§ Instructions to follow: Leave the pictures out, and repeat exactly every line from the one with "Interior/Upholstery - Alcantara/Carbon" through the end of the data below.

Top of Collected data

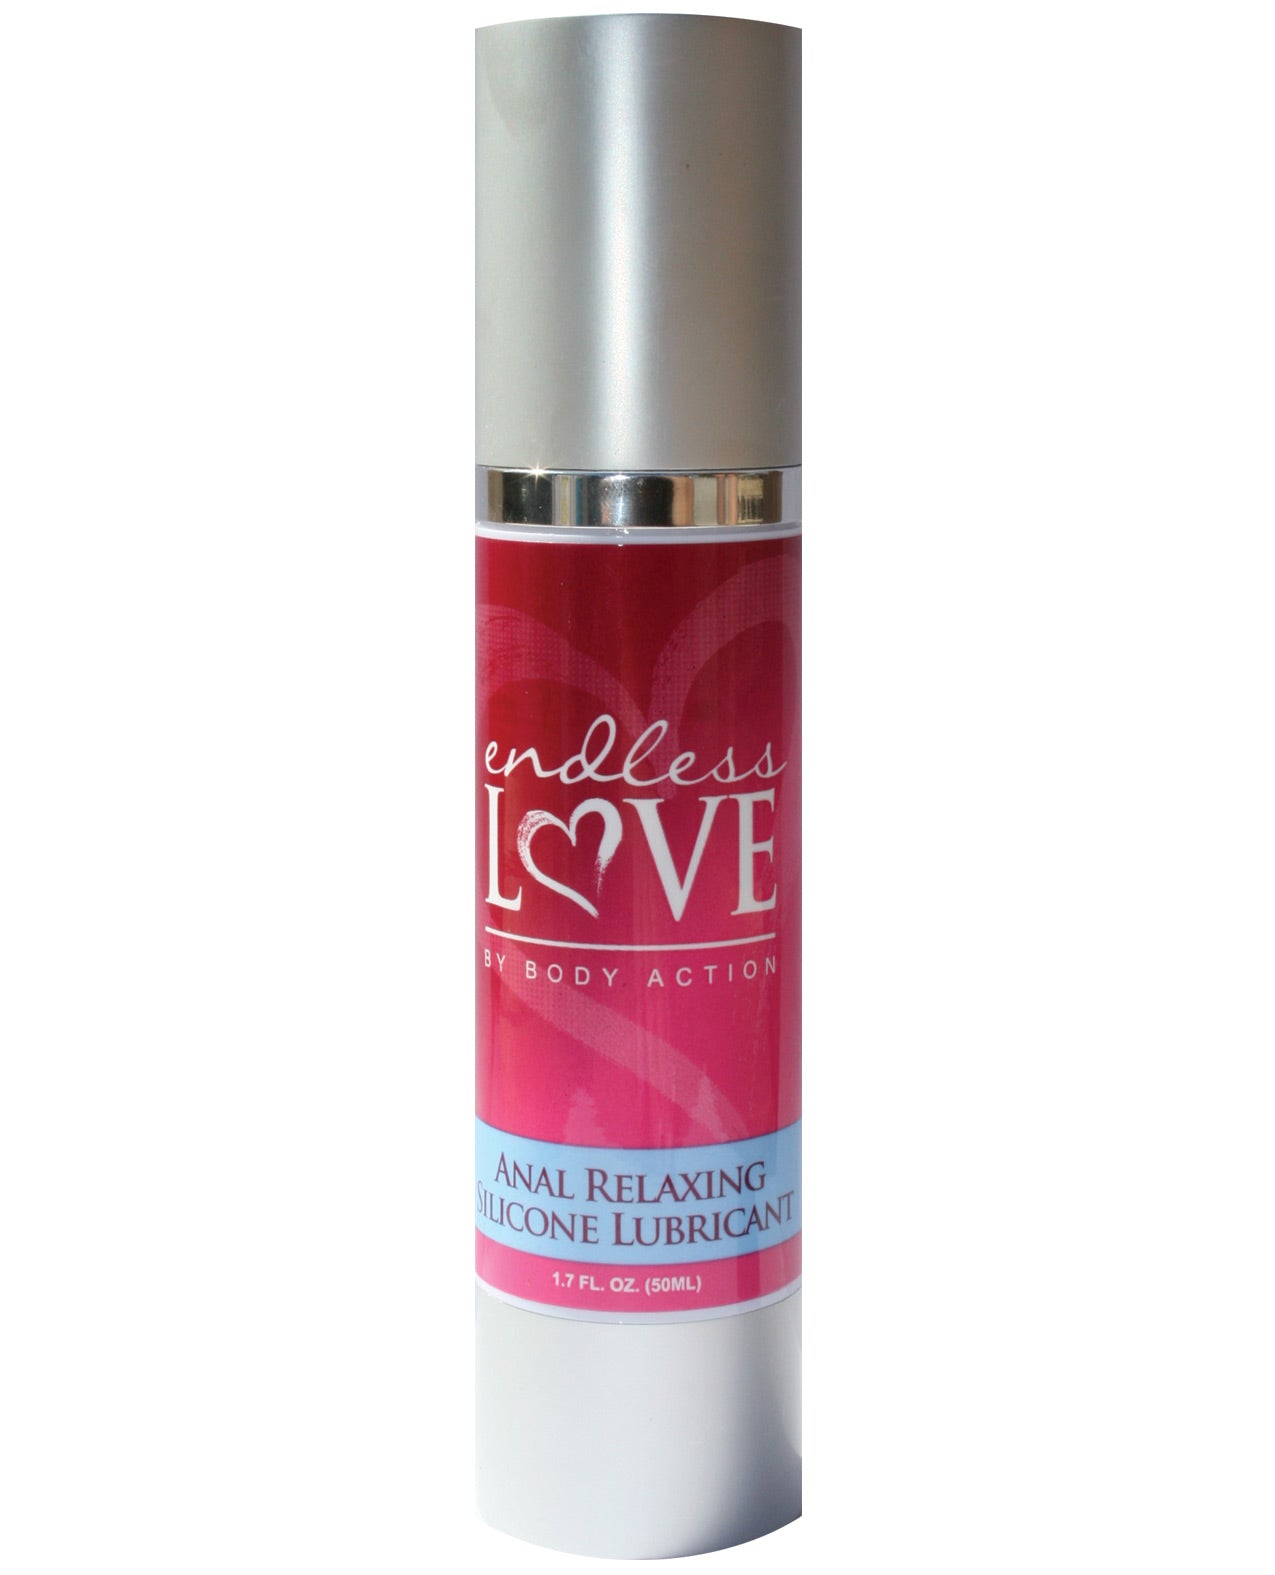 Endless Love Relaxing Anal Silicone Lubricant - 1.7 Oz - LUST Depot
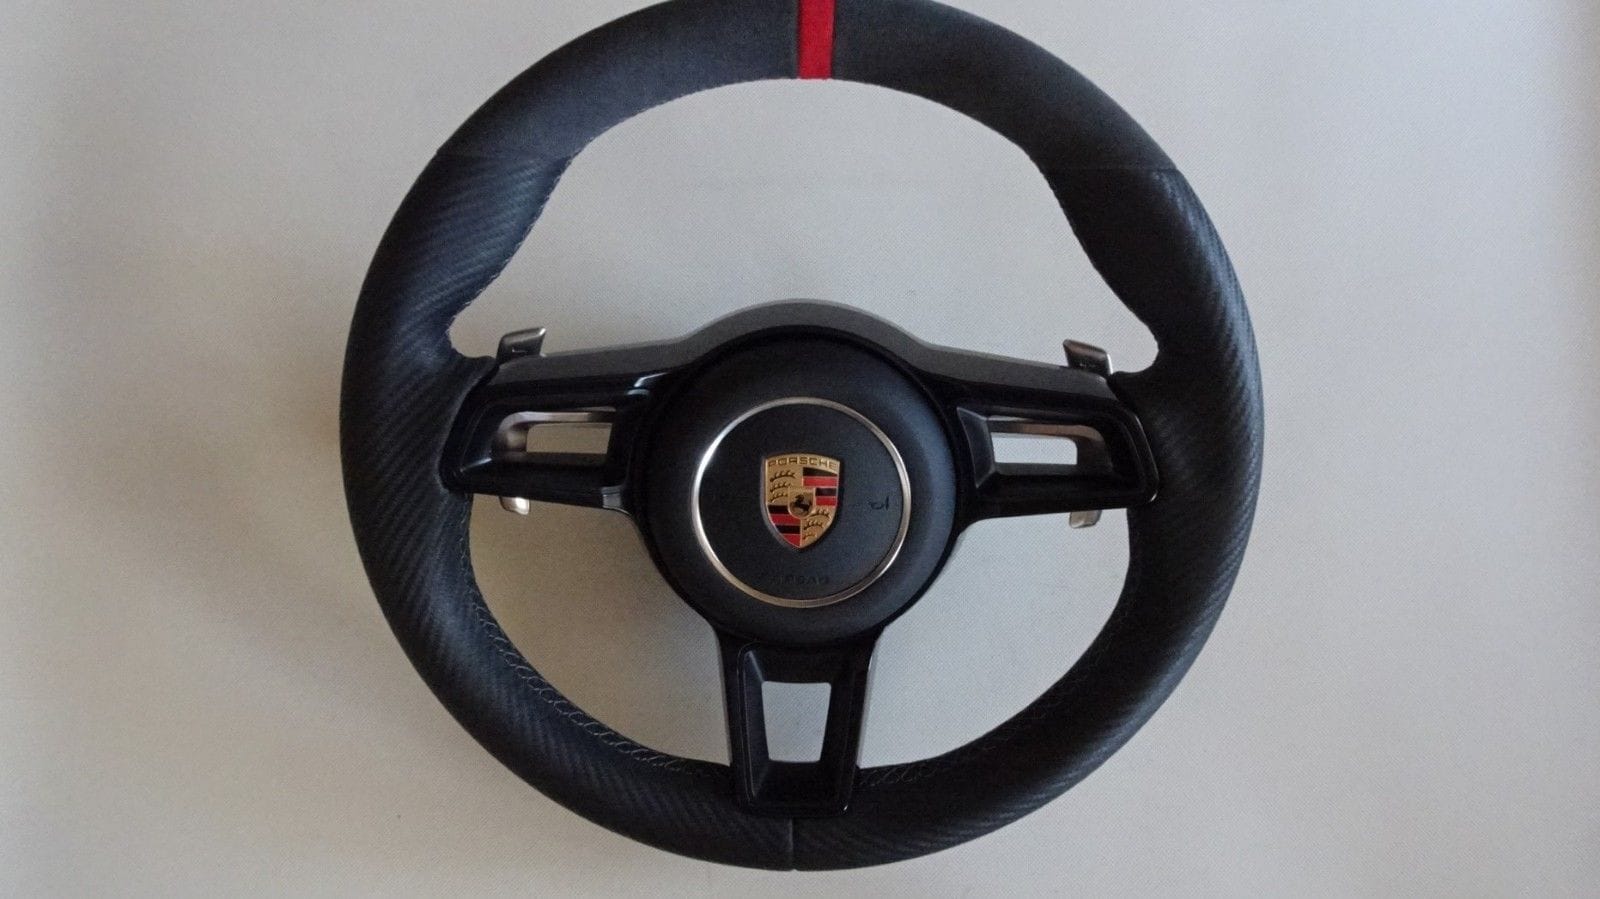 Interior/Upholstery - Alcantara/Carbon 991.2 Steering wheel upgrade (W/ Airbag) PDK - New - 2005 to 2019 Porsche 911 - Spring, TX 77386, United States
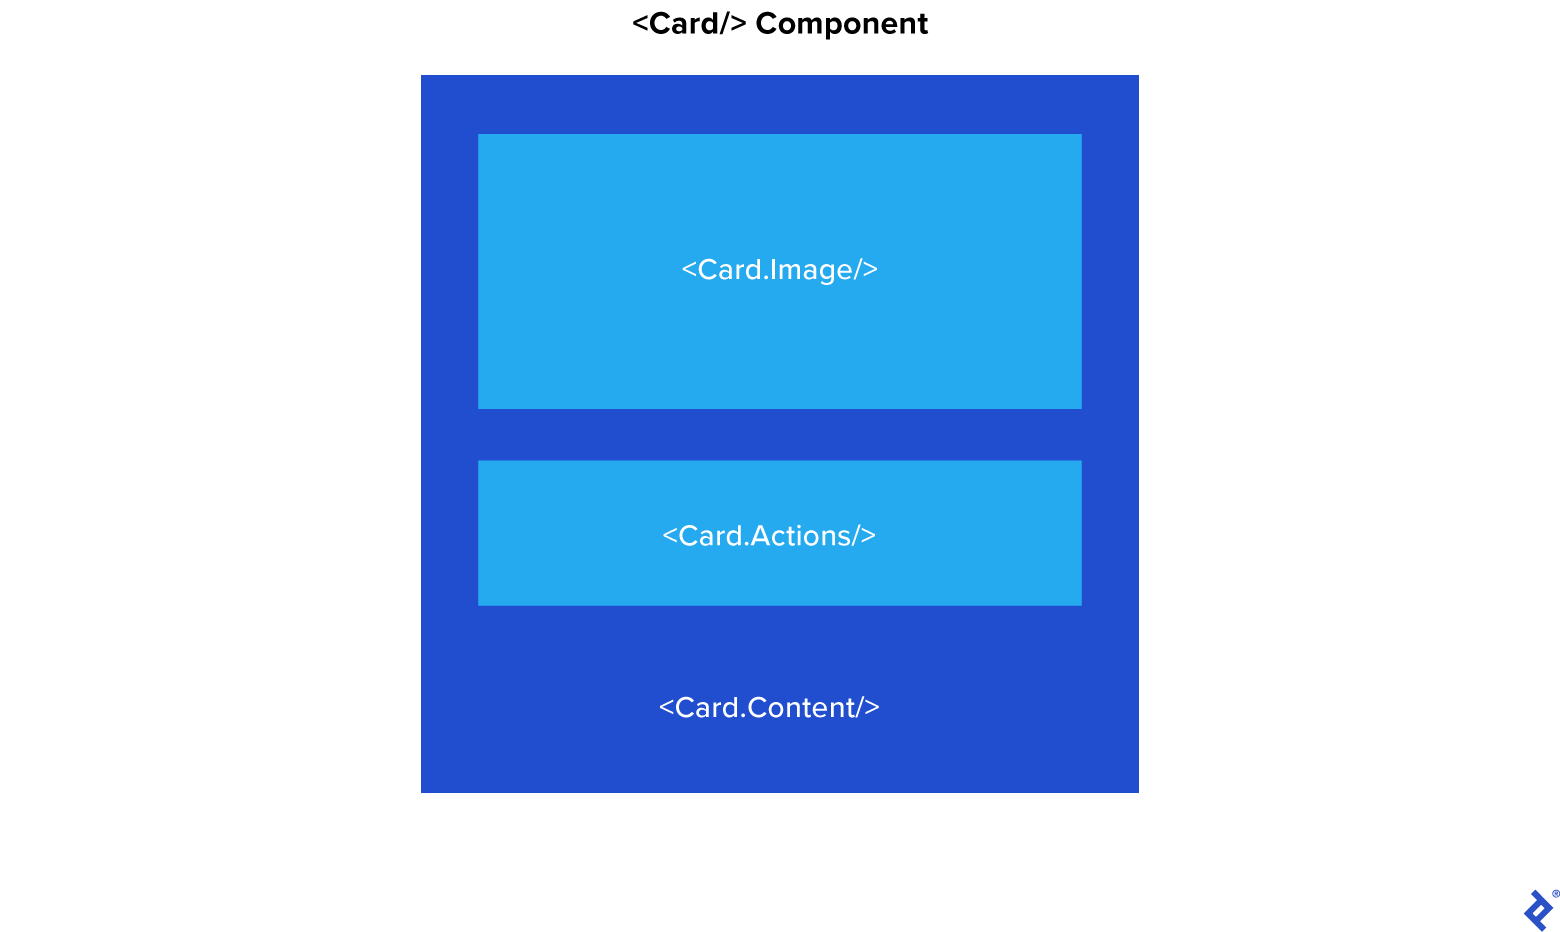 A card component composed of three rectangles, representing elements labeled Card.Image, Card.Actions, and Card.Content.

Bottom of Collected data

§ Exercise solution:
 Interior/Upholstery - Alcantara/Carbon 991.2 Steering wheel upgrade (W/ Airbag) PDK - New - 2005 to 2019 Porsche 911 - Spring, TX 77386, United States
 A card component composed of three rectangles, representing elements labeled Card.Image, Card.Actions, and Card.Content.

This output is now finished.